● Problem requirements
Copy the listing exactly as given. Omit every picture.

(Dataset extract)

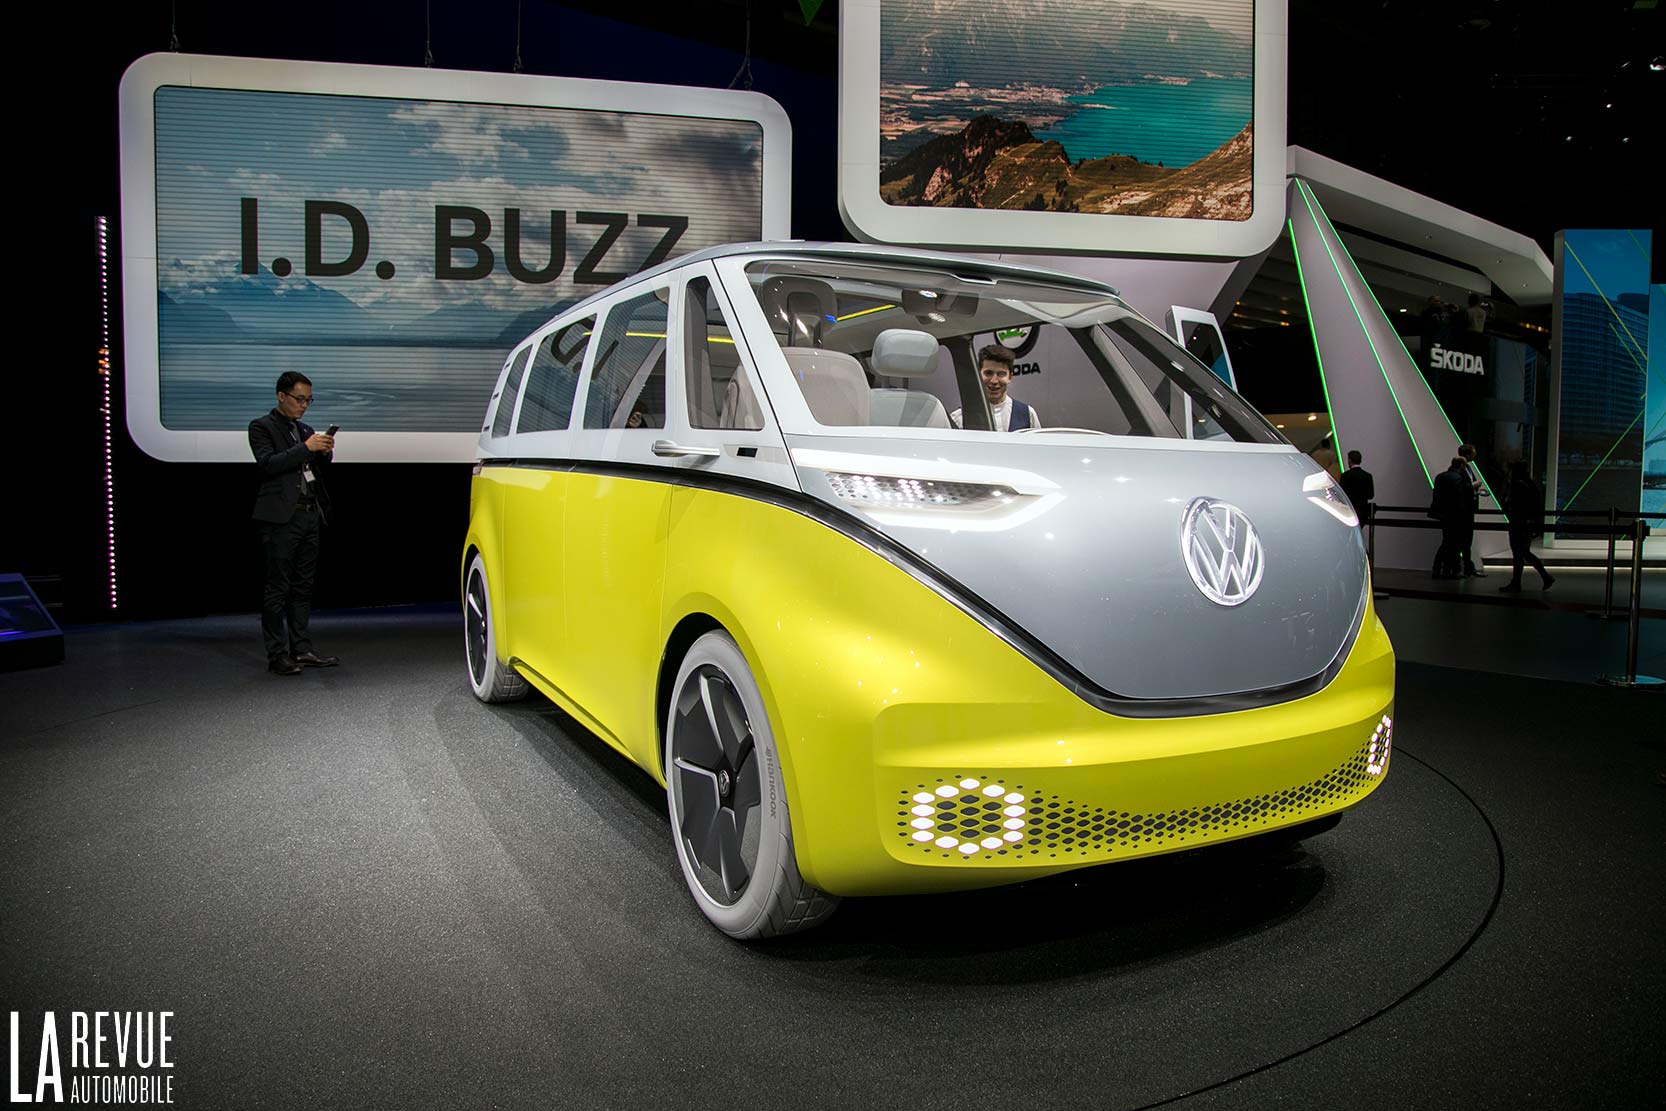 Image principale de l'actu: Volkswagen i d buzz notre avis 
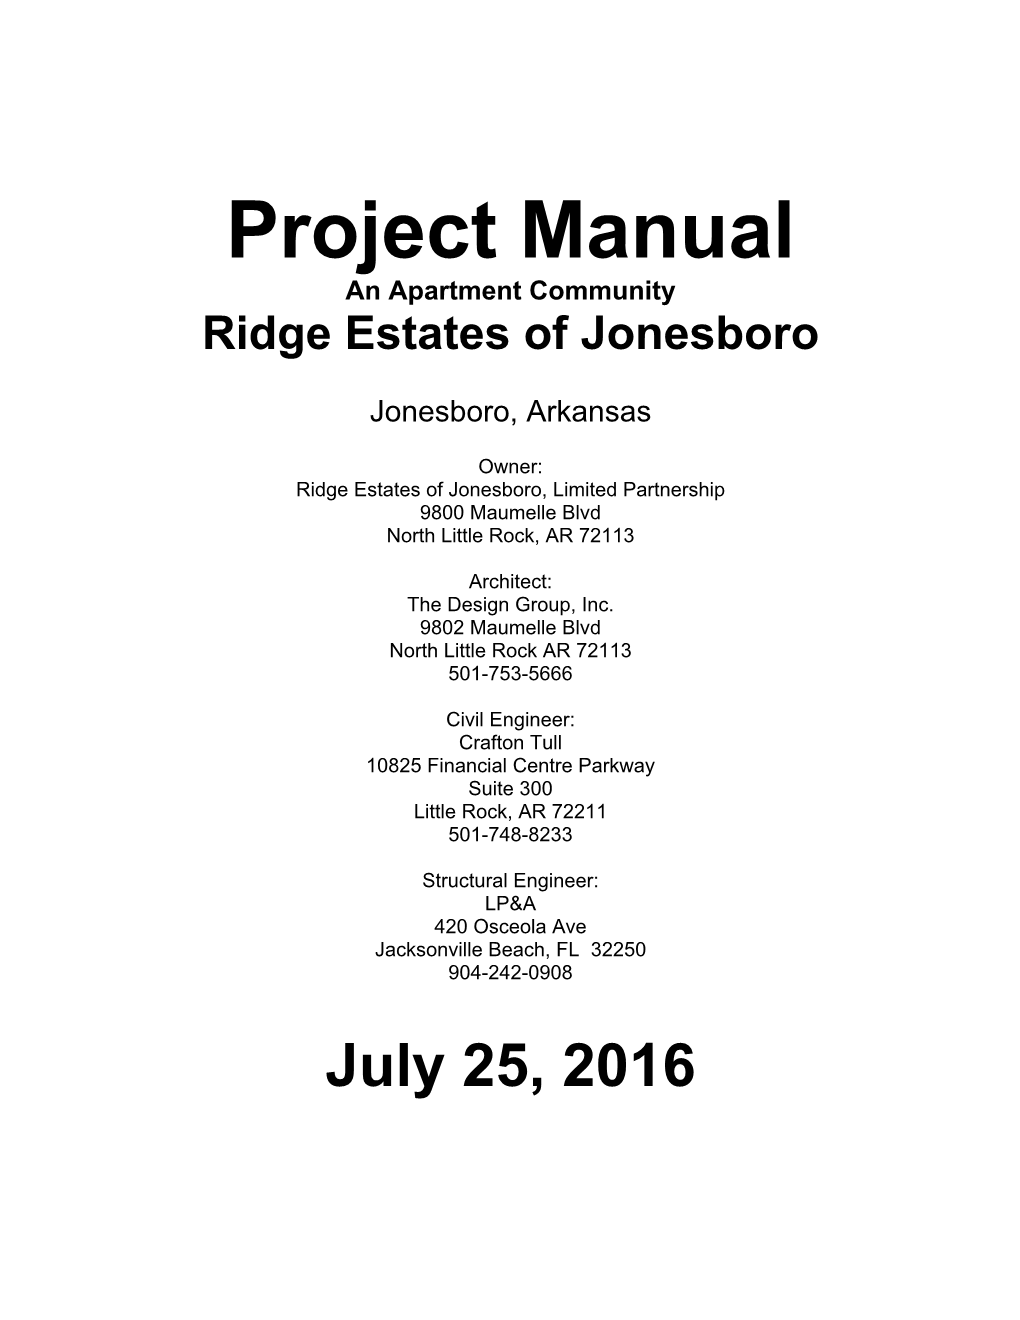 Project Manual an Apartment Community Ridge Estates of Jonesboro
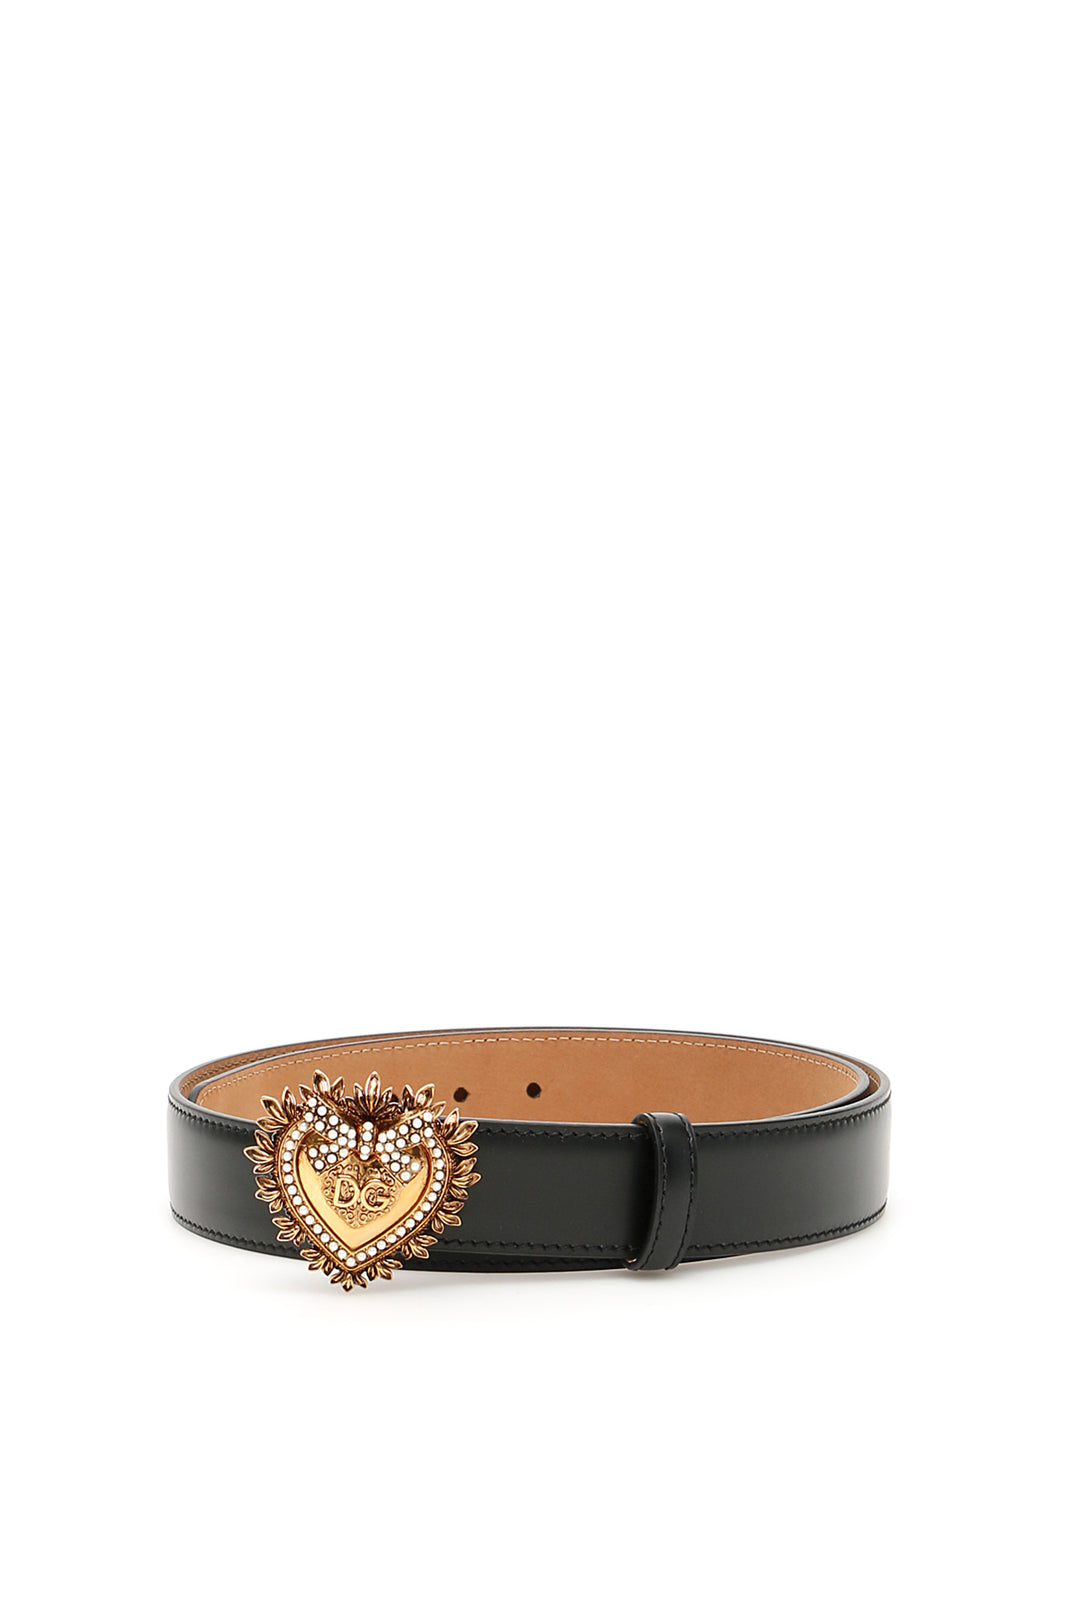 Dolce & Gabbana Devotion Leather Belt   Nero

(End Dataset extract)

● Answer space
 Image principale de l'actu: Volkswagen i d buzz notre avis 
 Project Manual an Apartment Community Ridge Estates of Jonesboro
 Dolce & Gabbana Devotion Leather Belt   Nero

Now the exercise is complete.